More germane to this review is the potential role of a gastrulation-like process during asexual development. During the budding process, colonial ascidians are regenerating all tissues and organs from a population of pluripotent stem cells. An important question is whether asexual development is controlled by novel genes and gene regulatory networks, or if embryonic pathways and networks are redeployed (Tiozzo et al., 2008). Interestingly, there are many colonial species scattered throughout the class Ascidiacea, including different monophyletic orders, suggesting that coloniality has arisen independently multiple times. Comparison of these species reveal a diversity of budding modes, including the source of the new body, and the timing of various developmental landmarks (Tiozzo et al., 2008). However, in all species studied to date, asexually developing zooids go through an initial blastula-like stage. This is followed by invaginations and evaginations of the epithelium to form various tissues and organs. While in a sense this resembles gastrulation, these movements do not result in segregation of cells into presumptive germ layers, as they do in embryogenesis.
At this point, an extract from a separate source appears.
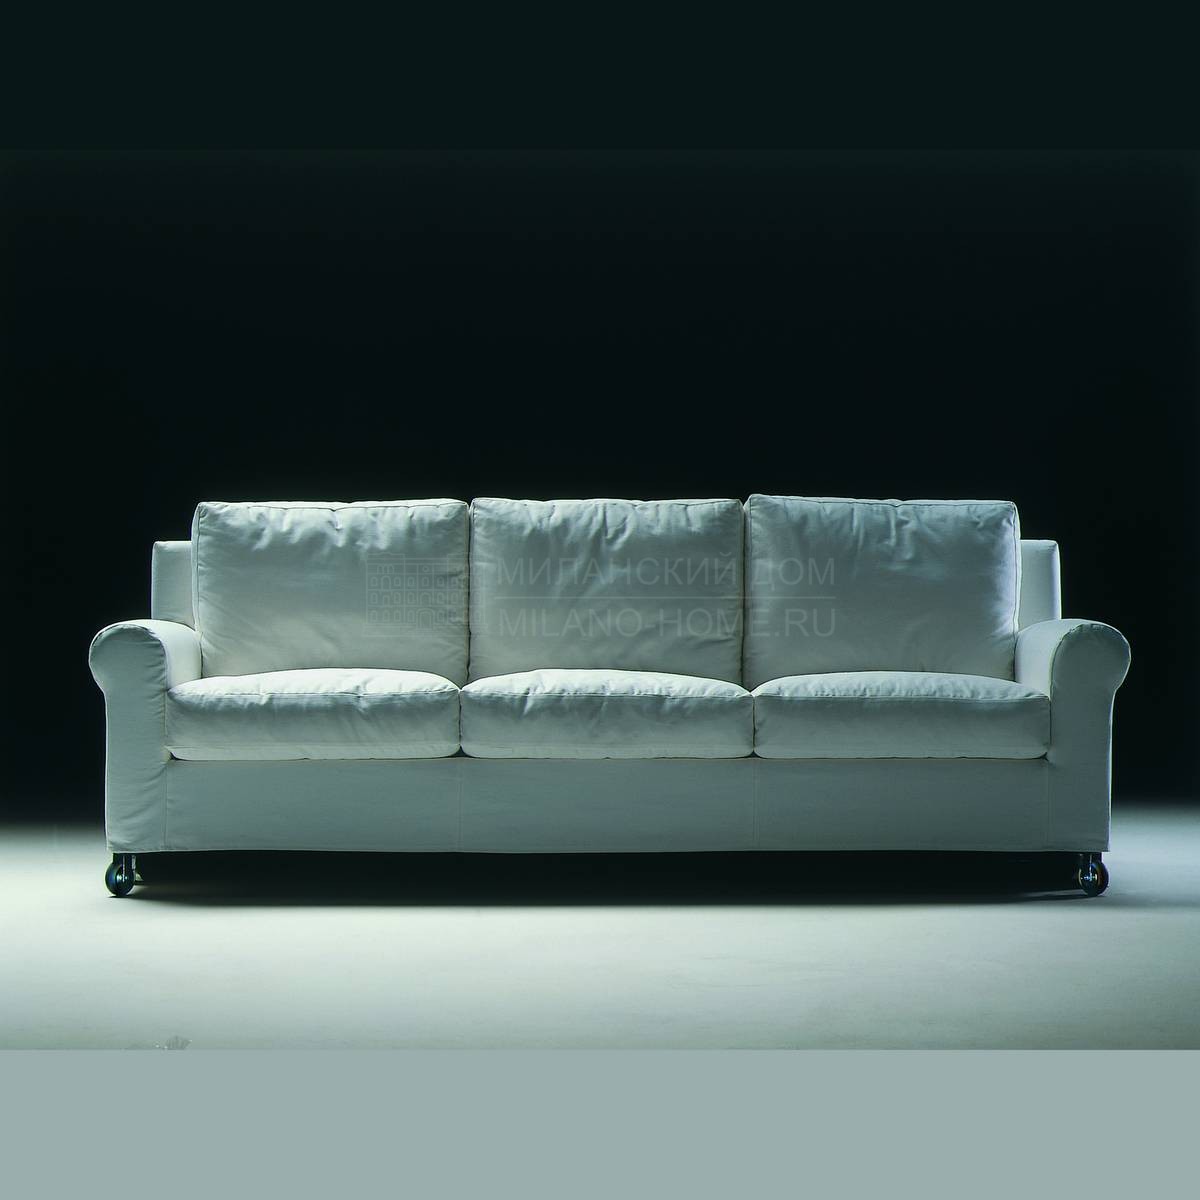 Прямой диван Ugomaria /sofa из Италии фабрики FLEXFORM

The only species in which asexual budding has been studied at a molecular level is Botryllus schlosseri (Manni et al., 2019). In an elegant study by Ricci, et al. (Ricci et al., 2016), it was found that there is regionalization of germ-layer specific transcription factors in the blastula-like stage and during these epithelial folding events, but they do not correspond to the regions that are folding (i.e., it does not appear that the movement is correlated to germ layer specification). In this study it was found that germ-layer restricted transcription factors, such as Otx (ectoderm), Fox-A1 (endoderm) and Gsc (mesoderm) are expressed in distinct regions of the blastula-like structure and could be followed through organogenesis. Importantly, the expression of each of these germ layer markers corresponded to the source of mature organs during embryogenesis. For example, the endoderm marker Fox-A1 was initially expressed in a region of the blastula-like vesicle that eventually became the gut, and results were equivalent for ectodermal and mesodermal markers.
Given that coloniality has arisen multiple times, it would hardly be feasible that completely novel mechanisms for regeneration of every tissue and organ also evolved multiple times, and a more parsimonious explanation is that this is due to the ability to coopt embryonic pathways at different times during regeneration. Interestingly though, this does not appear to include a clear recapitulation of embryonic gastrulation.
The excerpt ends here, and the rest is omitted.